WHAT IS EXPECTED → Below is a block of entries; repeat exactly the lines starting at the line that contains "Always Stay Strong" and ending at the line that contains "Table Football, designed", both included.

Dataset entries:
....

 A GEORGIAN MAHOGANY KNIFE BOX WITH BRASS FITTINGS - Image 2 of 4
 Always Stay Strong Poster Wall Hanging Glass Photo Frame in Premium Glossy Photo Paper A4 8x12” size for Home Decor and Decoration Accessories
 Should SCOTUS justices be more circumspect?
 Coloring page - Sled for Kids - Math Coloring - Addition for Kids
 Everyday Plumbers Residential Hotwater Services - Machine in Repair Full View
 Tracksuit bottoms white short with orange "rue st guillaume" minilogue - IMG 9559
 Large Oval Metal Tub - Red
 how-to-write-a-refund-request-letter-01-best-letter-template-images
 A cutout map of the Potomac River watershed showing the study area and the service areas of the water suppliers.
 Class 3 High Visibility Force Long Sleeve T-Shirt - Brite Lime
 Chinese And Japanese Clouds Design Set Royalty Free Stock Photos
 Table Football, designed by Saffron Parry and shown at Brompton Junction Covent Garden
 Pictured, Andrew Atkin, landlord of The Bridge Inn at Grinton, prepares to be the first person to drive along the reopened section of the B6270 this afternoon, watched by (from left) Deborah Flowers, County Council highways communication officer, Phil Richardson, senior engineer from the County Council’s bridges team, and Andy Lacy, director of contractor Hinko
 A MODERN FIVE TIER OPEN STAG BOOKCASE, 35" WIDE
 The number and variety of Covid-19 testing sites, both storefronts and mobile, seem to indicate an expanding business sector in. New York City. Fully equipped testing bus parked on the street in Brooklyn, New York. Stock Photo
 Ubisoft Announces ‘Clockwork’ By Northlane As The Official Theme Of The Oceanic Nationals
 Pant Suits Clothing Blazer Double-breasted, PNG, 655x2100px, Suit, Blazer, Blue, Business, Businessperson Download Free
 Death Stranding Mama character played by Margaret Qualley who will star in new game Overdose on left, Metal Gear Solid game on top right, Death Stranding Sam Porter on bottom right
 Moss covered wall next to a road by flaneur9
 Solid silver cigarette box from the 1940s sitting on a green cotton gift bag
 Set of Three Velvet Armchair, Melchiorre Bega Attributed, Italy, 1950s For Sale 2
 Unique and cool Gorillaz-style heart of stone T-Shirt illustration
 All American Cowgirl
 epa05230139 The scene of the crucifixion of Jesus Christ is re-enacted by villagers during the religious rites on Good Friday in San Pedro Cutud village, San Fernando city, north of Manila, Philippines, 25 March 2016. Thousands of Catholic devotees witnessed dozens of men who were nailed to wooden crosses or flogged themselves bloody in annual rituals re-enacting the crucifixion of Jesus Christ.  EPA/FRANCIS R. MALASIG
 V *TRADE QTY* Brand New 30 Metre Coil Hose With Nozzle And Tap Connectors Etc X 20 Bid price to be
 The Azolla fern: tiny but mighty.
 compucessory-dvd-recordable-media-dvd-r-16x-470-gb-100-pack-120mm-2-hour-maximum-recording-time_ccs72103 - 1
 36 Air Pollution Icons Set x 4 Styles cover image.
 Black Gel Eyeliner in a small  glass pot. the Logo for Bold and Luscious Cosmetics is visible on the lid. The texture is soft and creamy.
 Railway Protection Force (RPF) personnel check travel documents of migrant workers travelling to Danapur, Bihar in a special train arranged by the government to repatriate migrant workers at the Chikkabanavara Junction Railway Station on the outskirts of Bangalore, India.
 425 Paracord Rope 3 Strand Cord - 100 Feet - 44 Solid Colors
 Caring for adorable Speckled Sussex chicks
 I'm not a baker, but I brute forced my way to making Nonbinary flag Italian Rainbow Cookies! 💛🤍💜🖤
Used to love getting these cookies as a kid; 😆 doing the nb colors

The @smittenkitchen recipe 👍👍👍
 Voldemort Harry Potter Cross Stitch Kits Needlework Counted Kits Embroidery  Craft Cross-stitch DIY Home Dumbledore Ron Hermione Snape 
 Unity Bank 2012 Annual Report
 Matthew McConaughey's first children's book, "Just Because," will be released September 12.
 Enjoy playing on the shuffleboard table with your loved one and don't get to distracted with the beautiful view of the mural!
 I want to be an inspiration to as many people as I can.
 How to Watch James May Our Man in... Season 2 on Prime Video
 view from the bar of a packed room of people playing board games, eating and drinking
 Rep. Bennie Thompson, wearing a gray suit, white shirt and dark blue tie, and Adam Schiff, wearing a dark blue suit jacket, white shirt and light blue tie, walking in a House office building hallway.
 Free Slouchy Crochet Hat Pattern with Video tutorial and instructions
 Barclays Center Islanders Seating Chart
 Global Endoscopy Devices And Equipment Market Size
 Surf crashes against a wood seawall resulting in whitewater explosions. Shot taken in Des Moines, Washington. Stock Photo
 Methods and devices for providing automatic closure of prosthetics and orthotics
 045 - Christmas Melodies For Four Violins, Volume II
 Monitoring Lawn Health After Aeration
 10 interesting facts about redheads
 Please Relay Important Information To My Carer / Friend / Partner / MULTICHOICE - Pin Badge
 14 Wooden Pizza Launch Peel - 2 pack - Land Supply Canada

....

ANSWER SECTION →
 Always Stay Strong Poster Wall Hanging Glass Photo Frame in Premium Glossy Photo Paper A4 8x12” size for Home Decor and Decoration Accessories
 Should SCOTUS justices be more circumspect?
 Coloring page - Sled for Kids - Math Coloring - Addition for Kids
 Everyday Plumbers Residential Hotwater Services - Machine in Repair Full View
 Tracksuit bottoms white short with orange "rue st guillaume" minilogue - IMG 9559
 Large Oval Metal Tub - Red
 how-to-write-a-refund-request-letter-01-best-letter-template-images
 A cutout map of the Potomac River watershed showing the study area and the service areas of the water suppliers.
 Class 3 High Visibility Force Long Sleeve T-Shirt - Brite Lime
 Chinese And Japanese Clouds Design Set Royalty Free Stock Photos
 Table Football, designed by Saffron Parry and shown at Brompton Junction Covent Garden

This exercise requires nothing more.